Michel Platini ou la chute d'un animal politique
Platoche, de son côté, met rapidement de côté ses projets de reconversion comme entraîneur - sélectionneur des Bleus à l'Euro 1992 - pour se lancer dans une carrière " politique ". Comité technique de développement du jeu à l'UEFA (1988-1990), comité d'organisation du Mondial 1998 dans le giron de Fernand Sastre, l'ancien capitaine des Bleus songe même à la présidence de la FIFA en 1997 selon L'Équipe.
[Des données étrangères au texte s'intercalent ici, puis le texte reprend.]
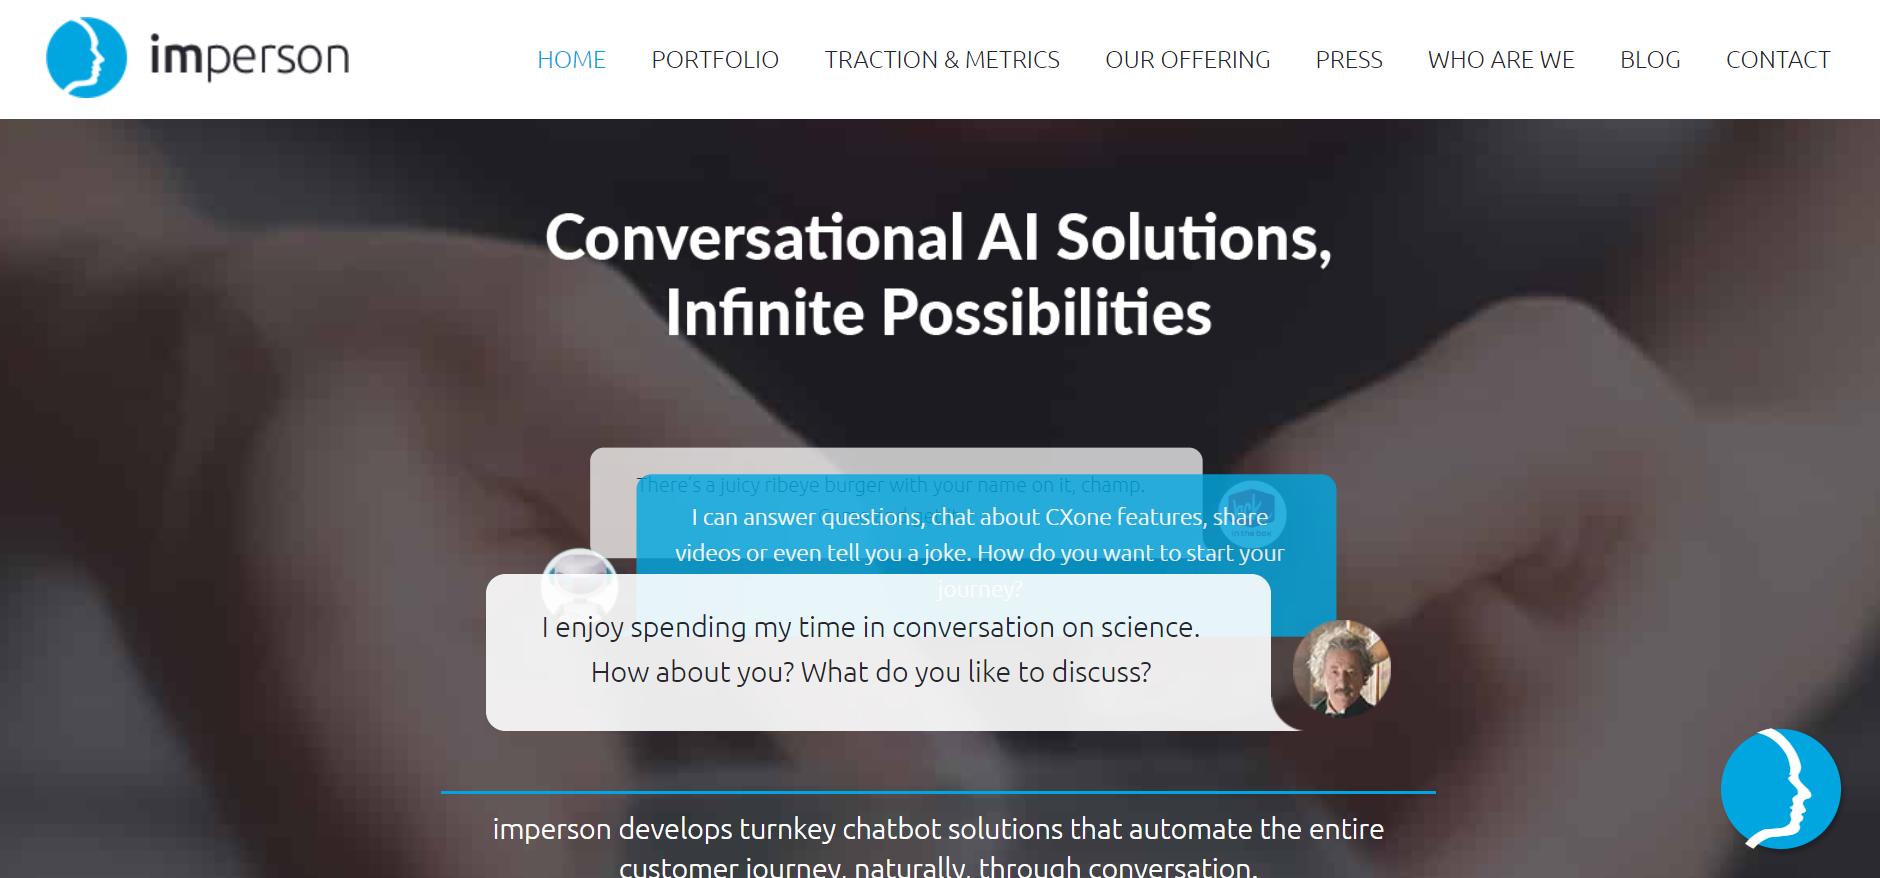 best enterprise chat software - Imperson

Dans Le Monde, il affirme que c'est Blatter qui lui a proposé de tenter le coup. L'aîné se place même comme son numéro 2, mais Platini affirme avoir refusé, car à l'époque, il n'était pas intéressé. Version différente pour L'Équipe : le Suisse a surtout convaincu l'ancien meneur de jeu de ne pas se présenter pour la présidence, mais d'être à la place son conseiller technique lors d'un entretien à Singapour. Une fois le Suisse au sommet du foot mondial au nez et à la barbe de Lennart Johansson, Platini devient pour quatre ans le conseiller personnel du futur inamovible président. Une fonction qui, aujourd'hui, plombe la carrière du Français.